UtterAccess.com
X   Site Message
(Message will auto close in 2 seconds)

Welcome to UtterAccess! Please ( Login   or   Register )

Custom Search
 
   Reply to this topicStart new topic
> Parsing Contract Files In Word To Export To Salesforce, Any Version    
 
   
MadPiet
post May 2 2019, 03:41 PM
Post#1



Posts: 3,043
Joined: 27-February 09



Someone's asking if I want a job that's essentially (as I understand it), collecting information from a ridiculous number of Word documents (they said 100,000!!!) and somehow transferring that to SalesForce. I researched enough to find out that Loader or whatever in SF can read Excel files, so any thoughts on how to make this less painful? I was thinking that it might be bearable if the non-boilerplate parts of the contract were in Bookmarks, because then I could loop over the bookmarks, grab the names and values, and dump that in maybe Access and then work out how to map the bookmark Name to a column in SalesForce.

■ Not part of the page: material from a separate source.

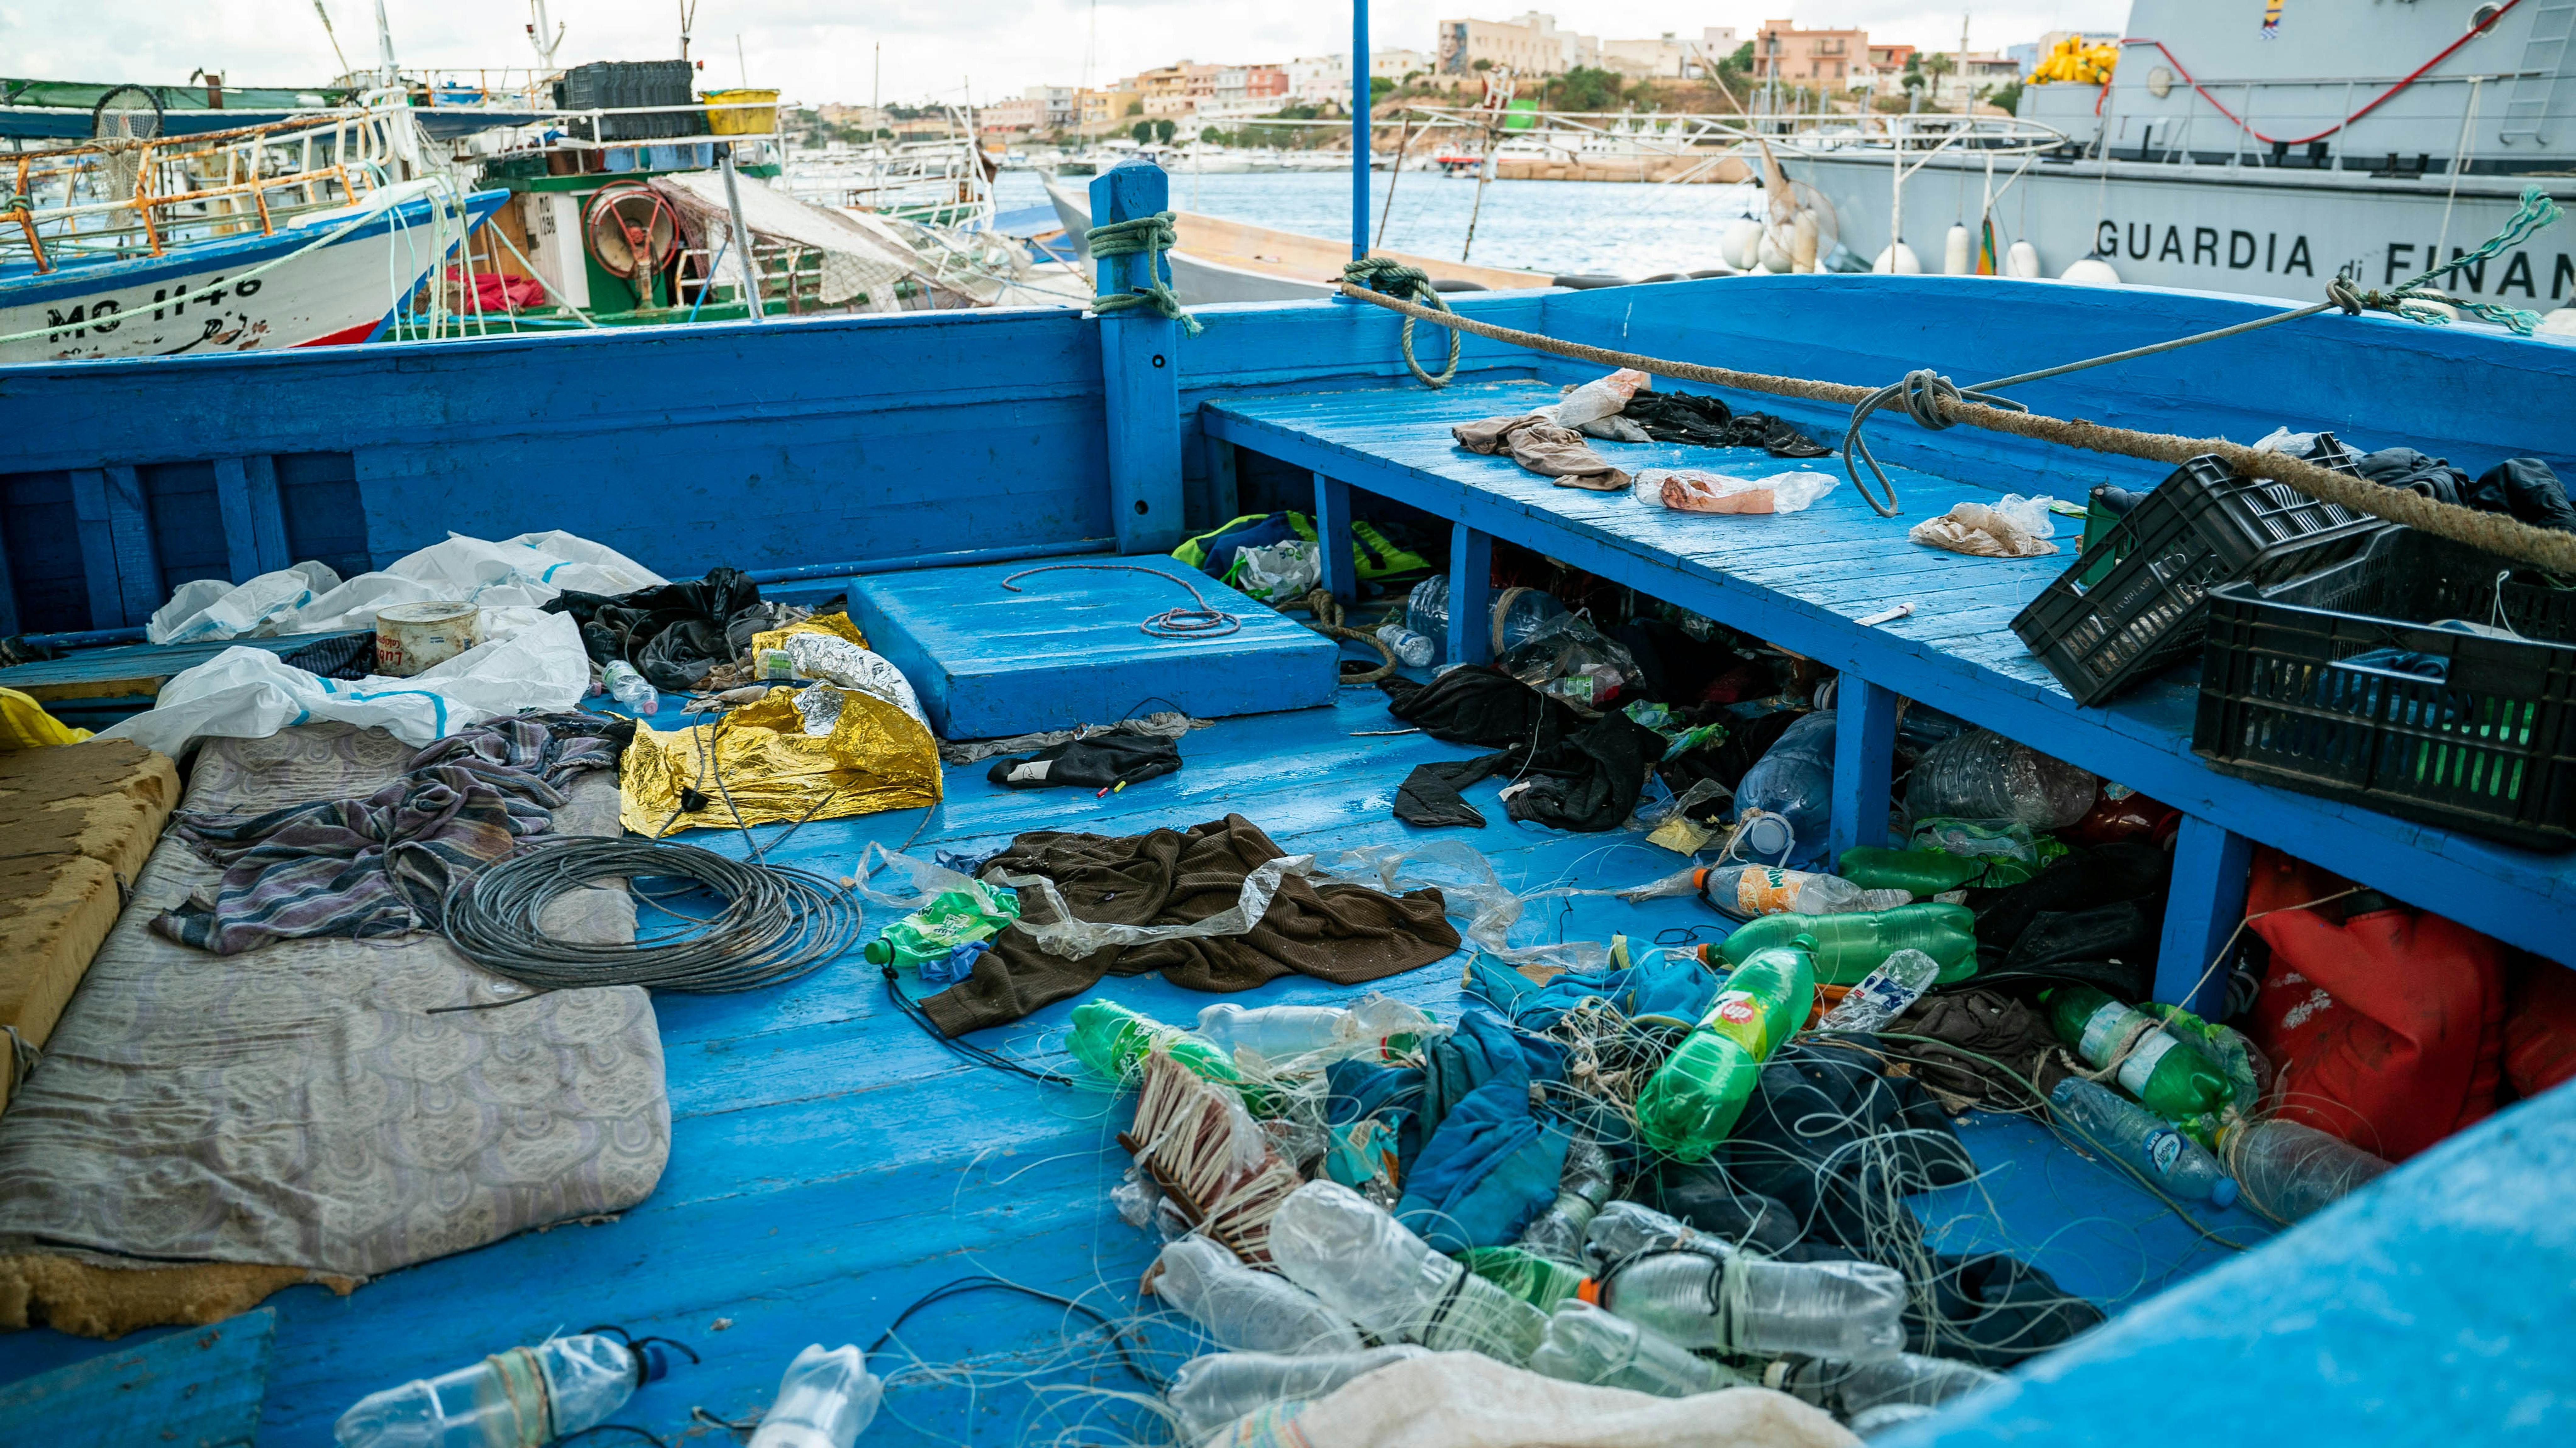 Lampedusa, Italia, vista di bottiglie d'acqua, vestiti scartati e altri oggetti lasciati a bordo di una barca che trasportava migranti attraverso il Mar Mediterraneo

Has anybody ever done this before? I found Daniel Pineault's code to extract bookmark data, which is fine - I just am a bit at a loss if they don't use bookmarks. even if they do, what's the sanest way of harvesting this kind of information? Something like this:

1. In VBA, open the Word doc,
2. Loop over the bookmarks collection, and write the {File Name, bookmark name, bookmark value} to a table.
3. Query to get the values they want to import to SF, and combine / split in the query.
4. Export to Excel.

(right?)

has anybody ever done anything like this with SalesForce? Any suggestions on where to start?
Sorry, don't know anything more about the Word files. Haven't spoken to the company that's asking for this stuff yet.

Thanks for any pointers!
Pieter
Go to the top of the page
 
DanielPineault
post May 5 2019, 08:01 AM
Post#2


UtterAccess VIP
Posts: 6,573
Joined: 30-June 11



Your general approach makes perfect sense assuming they documents use bookmarks. I wouldn't get ahead of myself and wait to see how the documents are actually structured.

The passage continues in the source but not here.